■ **TASK DETAILS**
The pictures are to be left out when the listing below is reproduced word for word.

■ **RECORDED DATA**
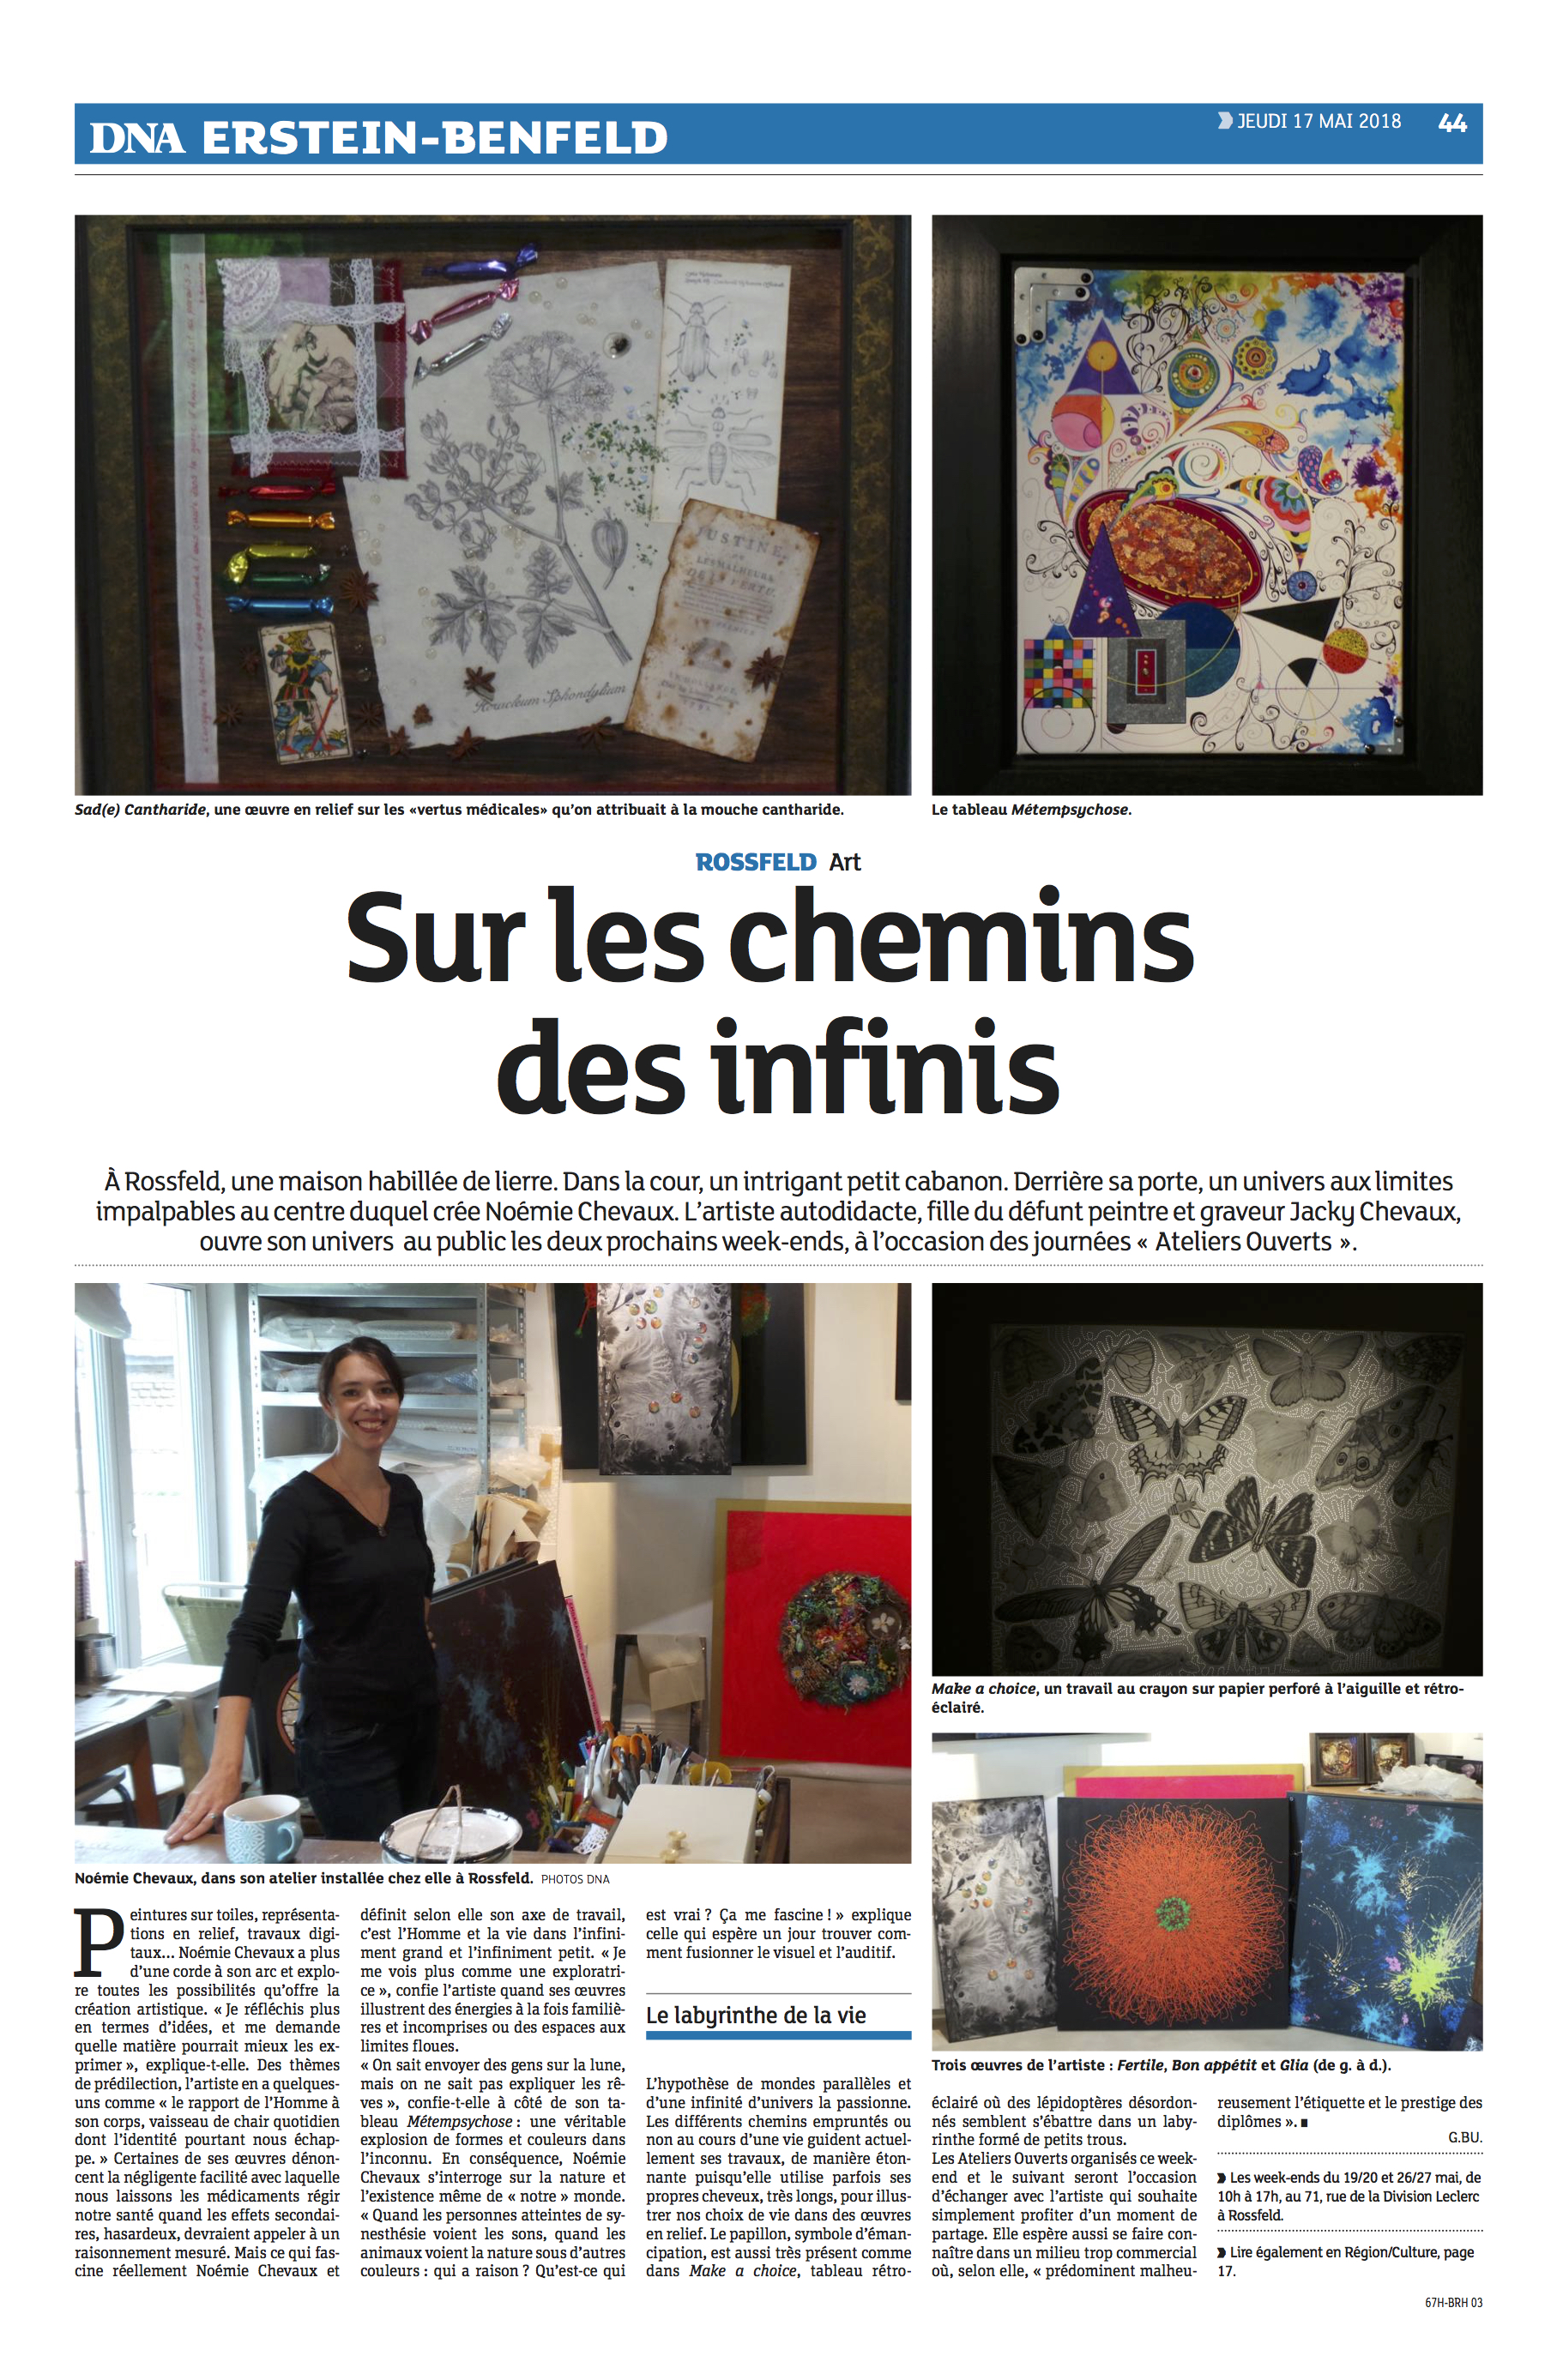 Article DNA Atelier Ouvert
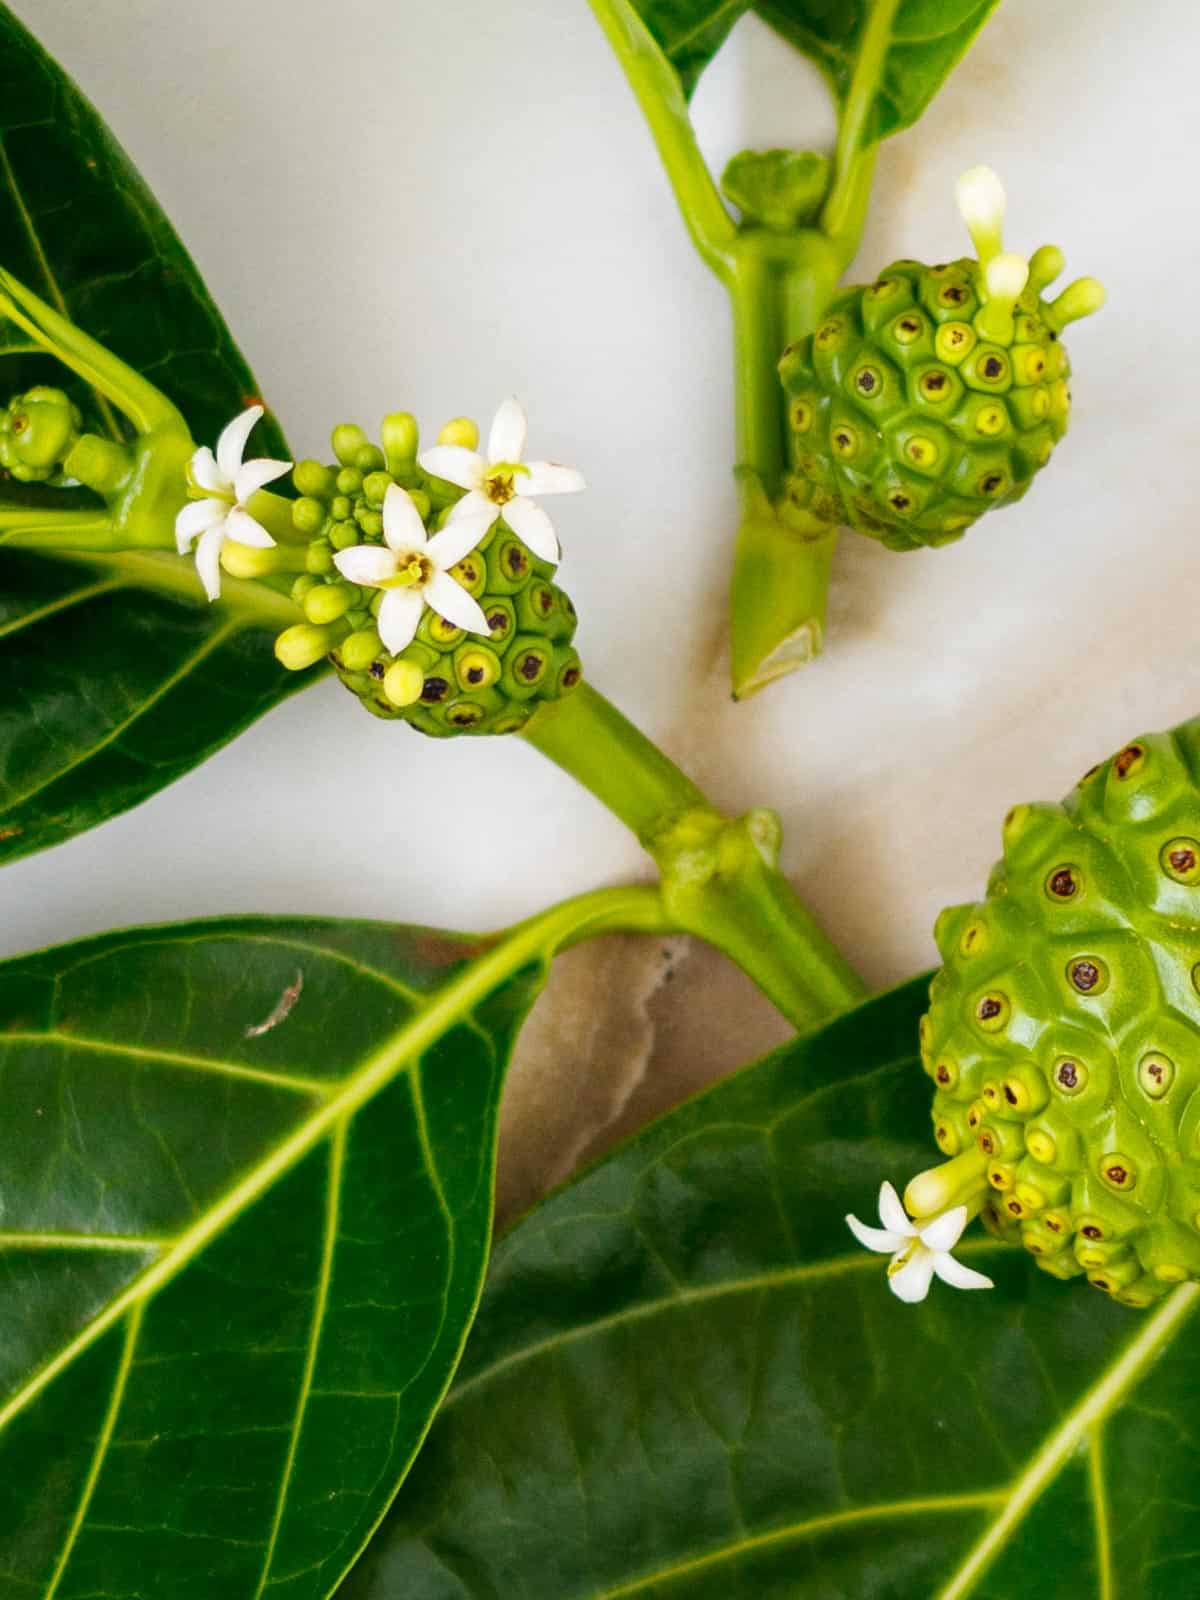 Noni flowers protrude from fruit.
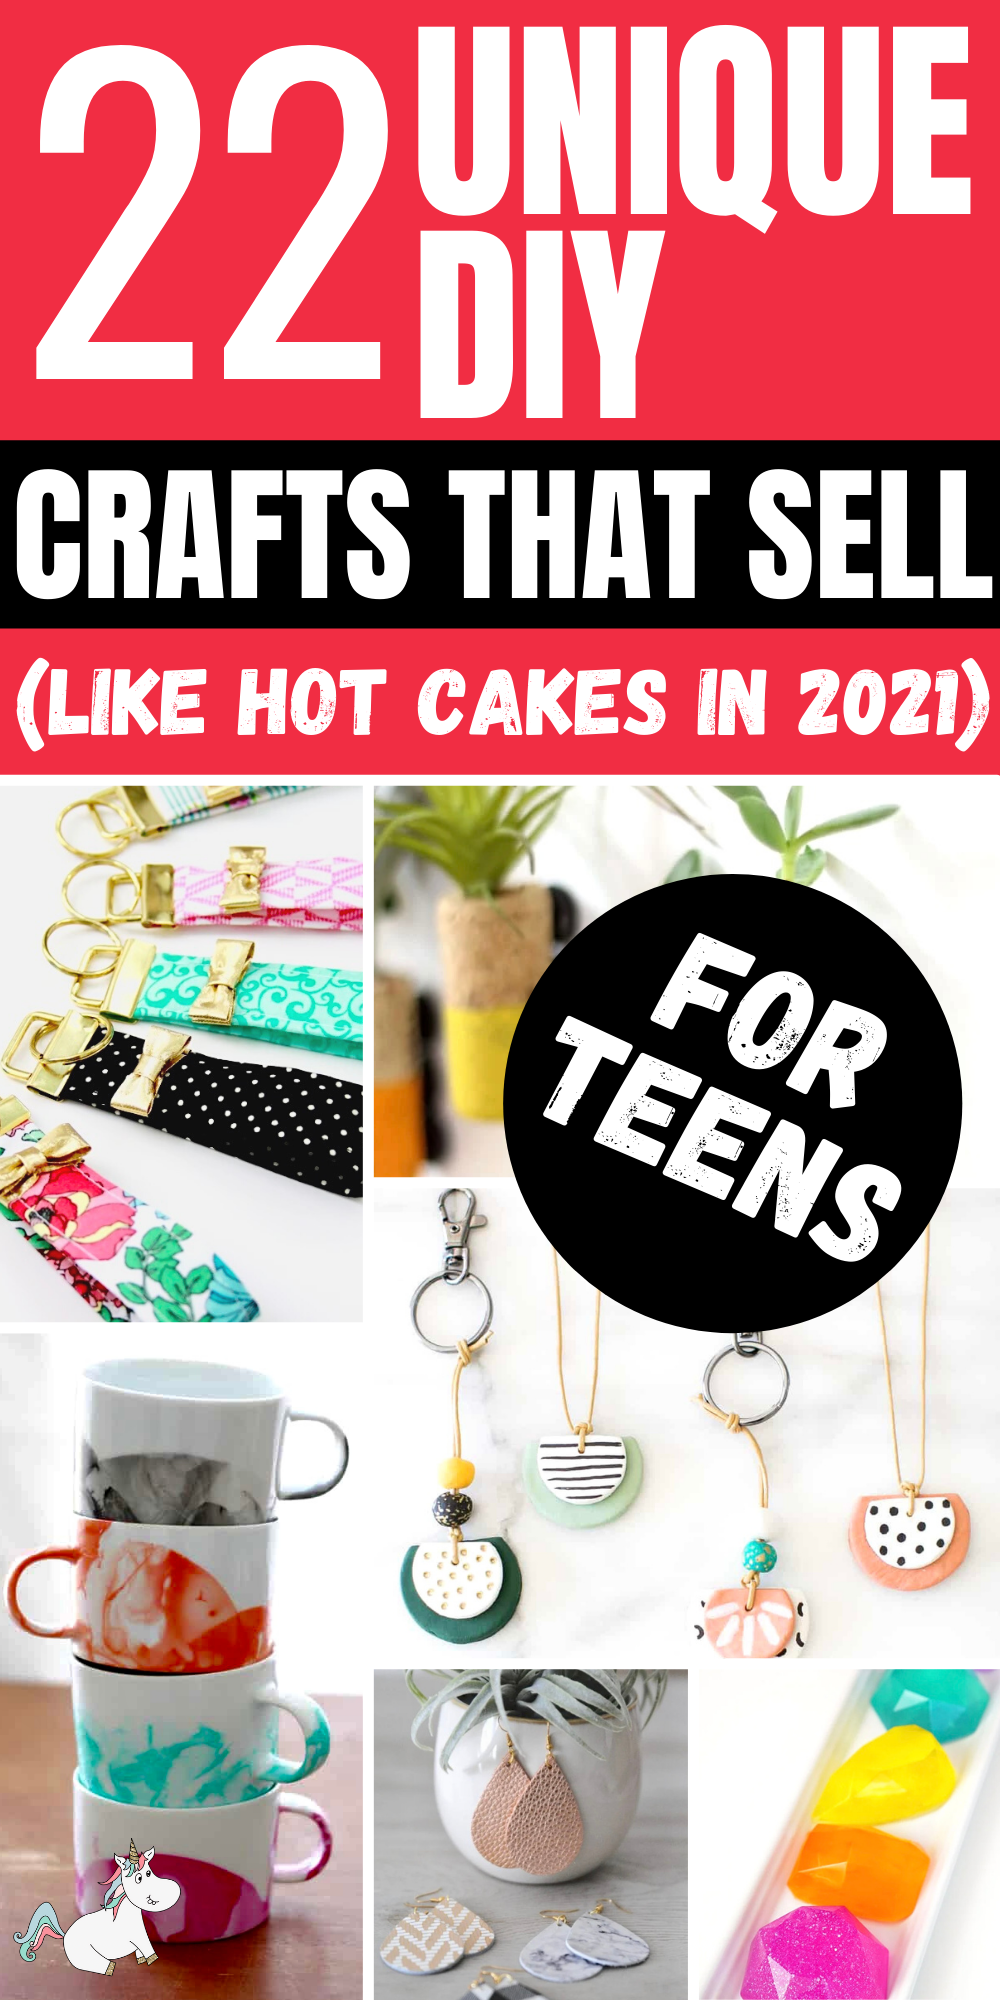 22 Unique Teen Crafts To Make And Sell: This roundup of teen crafts to make and sell from the Mummy Front is a great list of cheap and easy crafts that sell like hotcakes in 2021. Your find jewelry, soaps, keychains and other crafts that are perfect for beginners... You will definitely need to save this list for when you need a great craft to sell! #craftstomakeandsell #craftsforteens #makemoneyfromhome #crafts #easycrafts

■ **TASK ANSWER**
 Article DNA Atelier Ouvert
 Noni flowers protrude from fruit.
 22 Unique Teen Crafts To Make And Sell: This roundup of teen crafts to make and sell from the Mummy Front is a great list of cheap and easy crafts that sell like hotcakes in 2021. Your find jewelry, soaps, keychains and other crafts that are perfect for beginners... You will definitely need to save this list for when you need a great craft to sell! #craftstomakeandsell #craftsforteens #makemoneyfromhome #crafts #easycrafts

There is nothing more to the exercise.